When I get home with my siblings I have to help large to look after the cows or working in the fields. We have eight cows and in the summer there are others that my dad, to make some extra money, port together with our in pasture. My favorite cow is called Pasquina, because she was born on Easter night. This year we'll take it to the cattle fair of Valtorta. They all say that it is a beautiful beast and could even win the first prize. I hope not, because the dad would sell for sure. I remember when she was born Pasquina: not wanting to get out of the belly of the Celestial, la sua mamma, Dad has slipped an arm in the belly and pulled out the legs of the vitelline. Since she did not want to leave yet, Dad went in the barn, took a rope and tied my legs. Then he called his uncle and cousins ​​and mom and all together they started to pull the rope to get it out. The grandmother was praying in a corner because Dad said we could lose both the cow the calf. I had to keep changing the leaves to keep clean the bed of Celeste giving birth. Ad a certain point, the calf came out suddenly, along with a burst of water and blood. I am flabbergasted to watch until my father pulled me by the arm to make me go get more leaves clean. Then I put the bag in his hand clammy of the placenta to give food to the dogs. When I returned Celeste had recovered and was licking the little calf that was all wet and shivering, e fumava di vapore. It was then that her grandmother called her Pasquina to thank the Lord for having saved her and her mom.

13

The best moments are those when they send us alone in the forest to collect wood for the fireplace, or grass and dried leaves are used to feed the cows and to make them a bed in the barn. Every now and then, if we fill quickly panniers, ci avanza un po’ of time to play or to gather hazelnuts and chestnuts, or blueberries, the roots of sweet, the elder and rose hips to make jam. The most exciting activity is stealing apples or cherries from the trees of the farms nearby, that, plus, ci passa un po’ the well. I prefer games that are the cip (hide and seek), the world, the bowls with the stones of the stream, play with water or bathe in the pools.

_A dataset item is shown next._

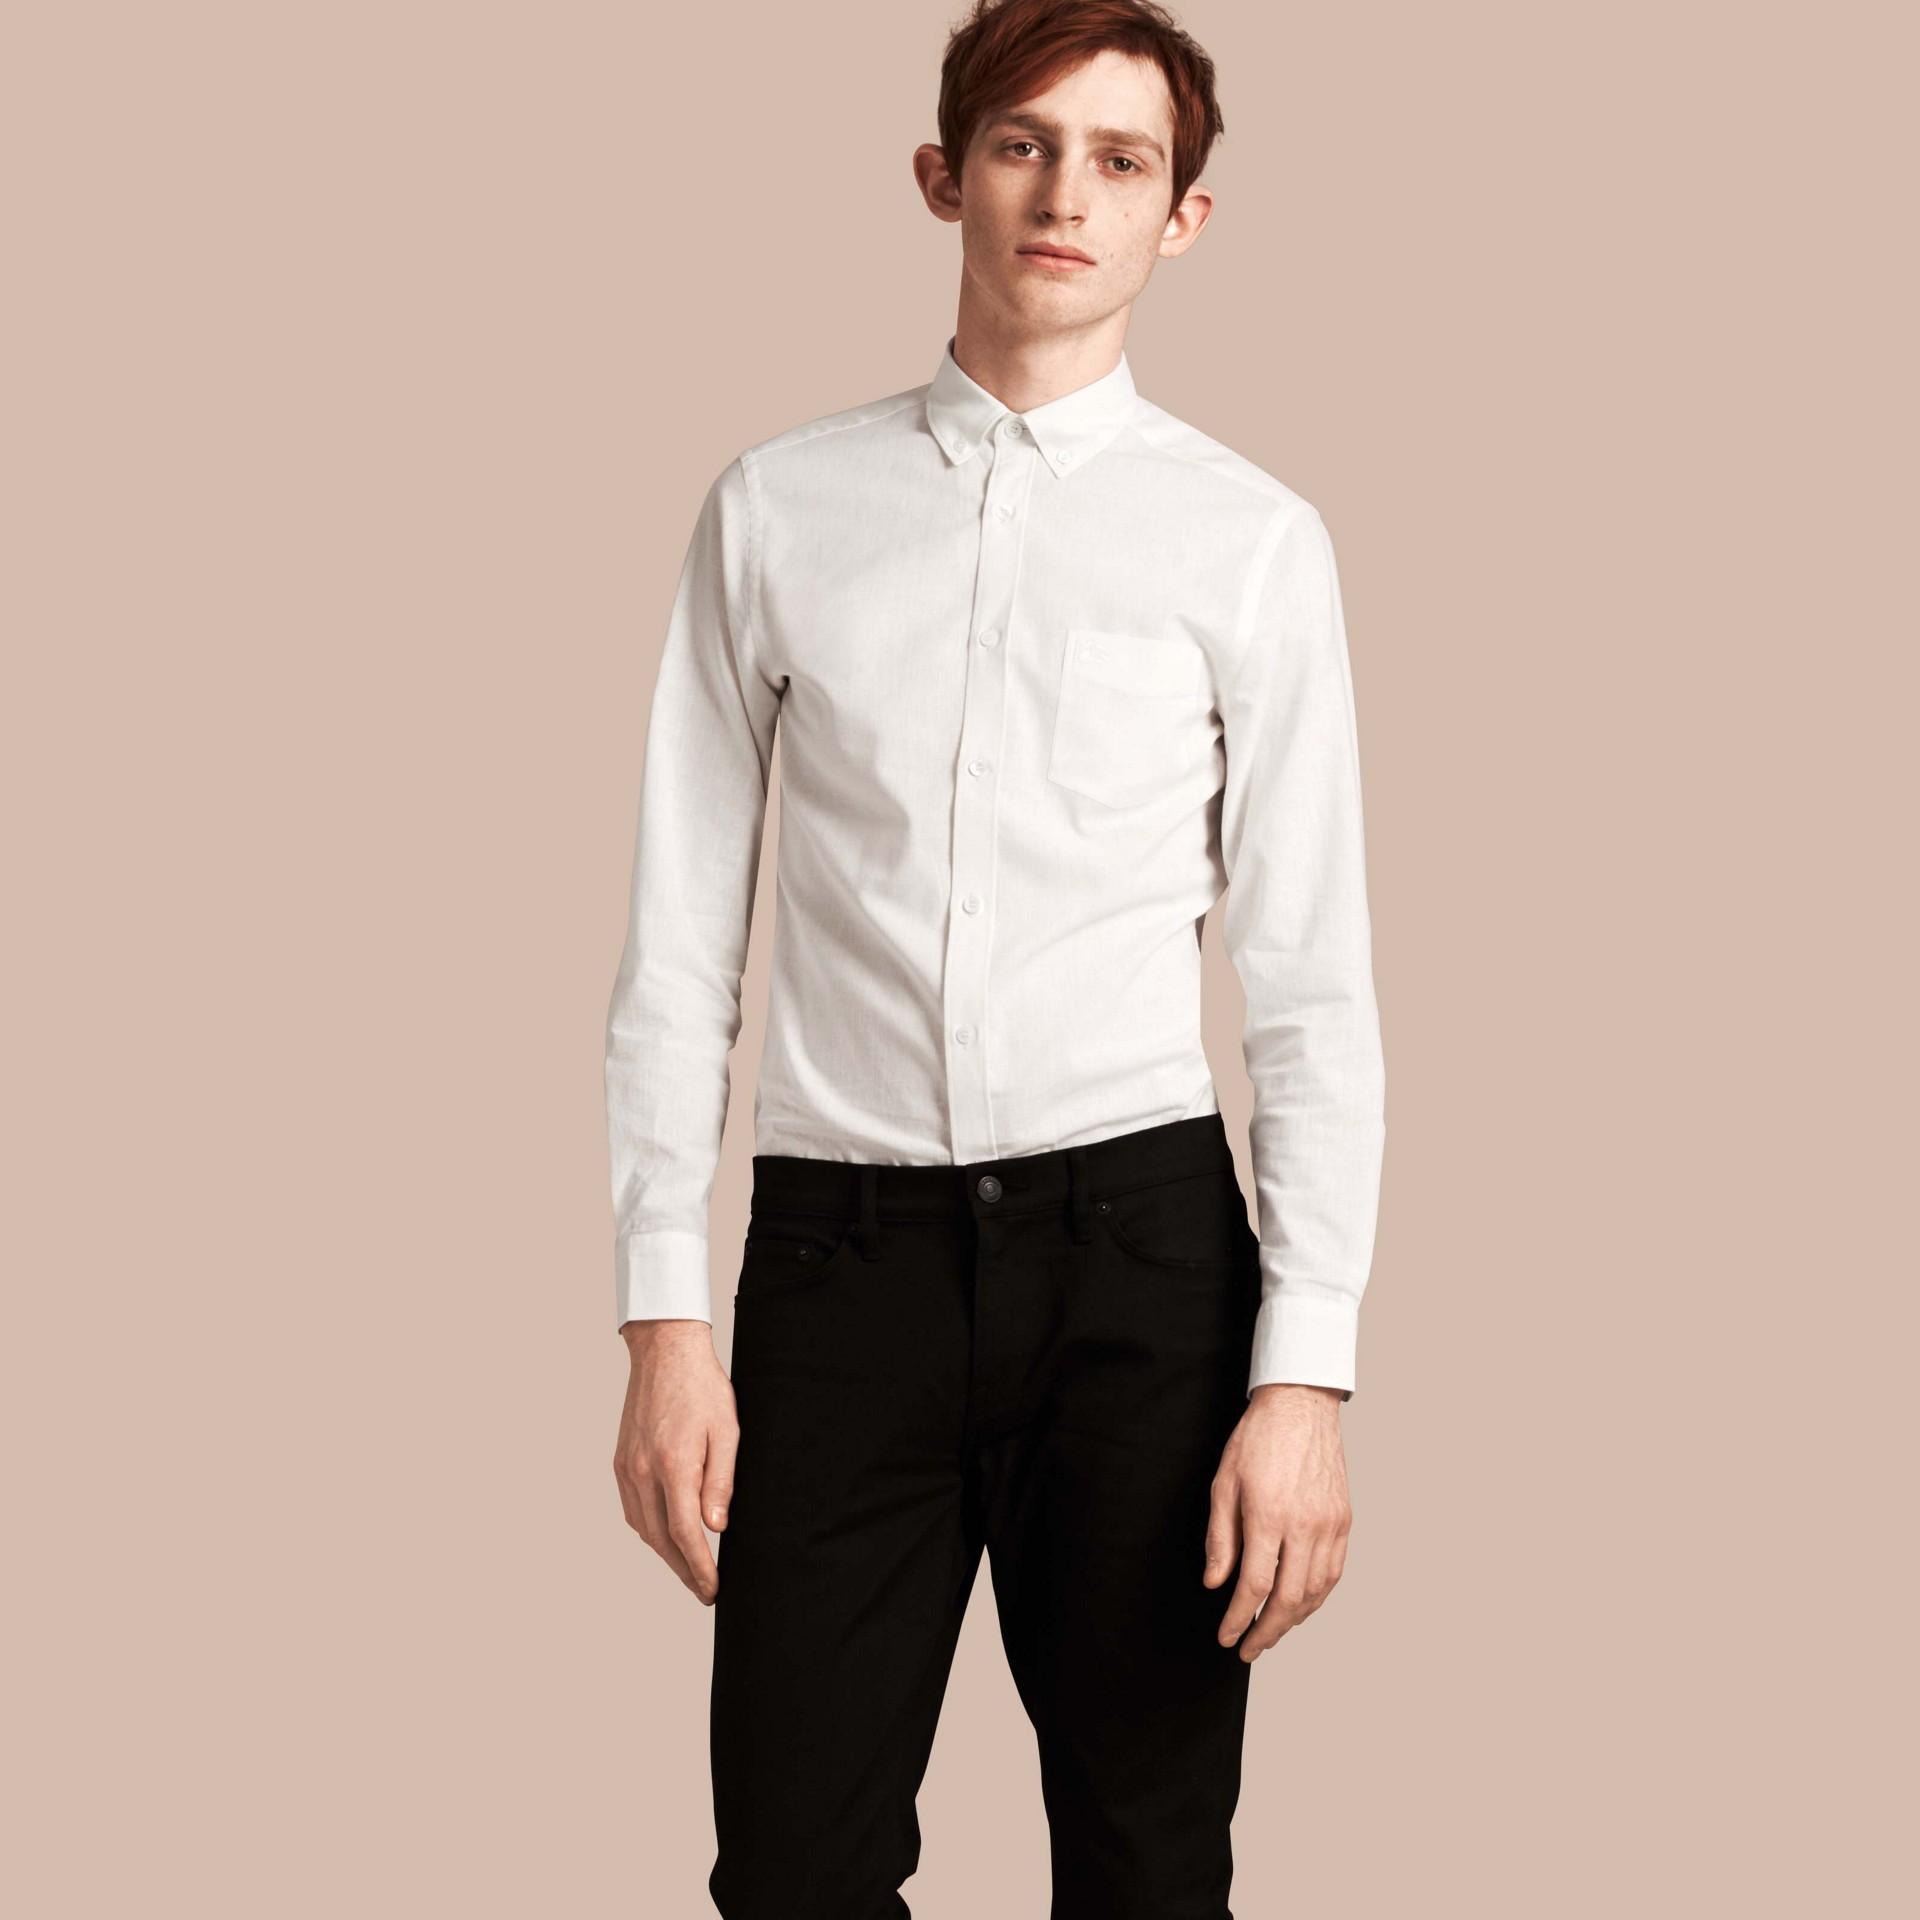 Weiss Hemd aus Baumwolle und Leinen mit Button-down-Kragen Weiss - Galerie-Bild 1
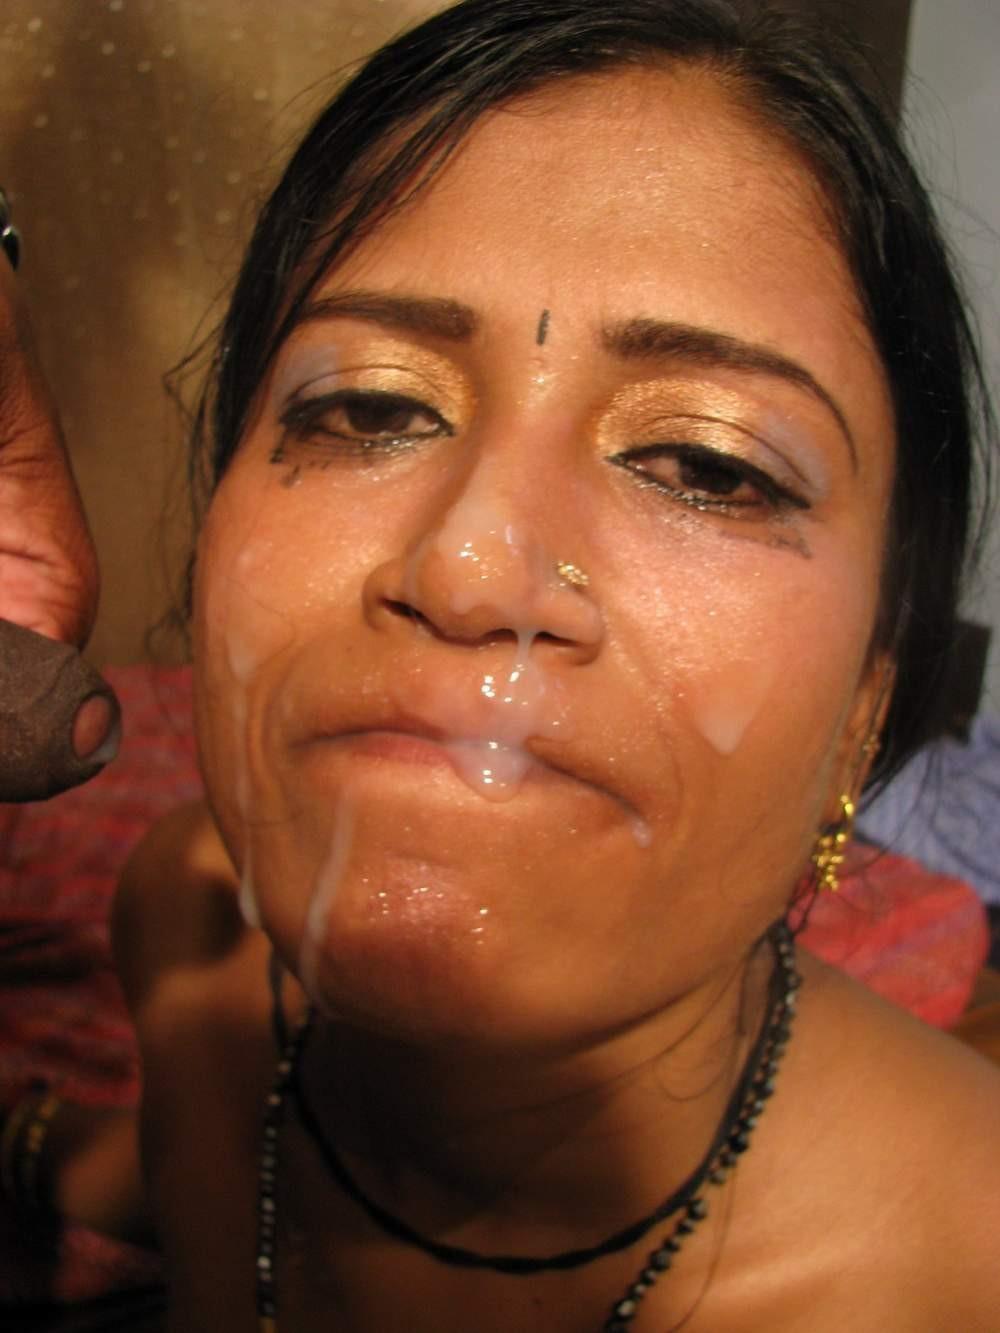 Teen tamil actress devayani cum on face nude girl

Every now and then we get into a little valley where there are mines of iron, which in summer are empty because we are working only in winter. In fine weather inside is too hot and humid and there are water infiltration. Some of my teammates after the third grade went to work in the mines with large. We enter all together trying to be brave and go far forward as possible. At some point you can not see anything and then we turn around and start running wildly screaming in terror, trying not to fall behind on their own. If someone is on our street is swept mercilessly.

14

In the evenings are always very tired and sometimes I fall asleep in the barn while we say the rosary. When we go to bed we all sleep together in one room with our parents. We small, to be warmer and because there is little room we sleep in a cot in four, ü Co, ü pe (head and feet). When you are in bed and I'm going to sleep I feel the breath of the mother, I do not see that day almost never, while with a kiss and a caress us the good night. Then I close my eyes and think back to the good times last summer, when I went for the first time with my father and my brothers to bring the cows in the pastures, where the grass is better. We walked all day and do not eat much, because we could take only a few things. But every day was an adventure and was sleeping outdoors in the evening by the fire. To warm up to me clutching Lightning, my favorite dog, with which his father holds together the cows. I had all the space I wanted and I fell asleep happy, watching the sun set behind the mountains on the other side of the sky sprouted the first stars.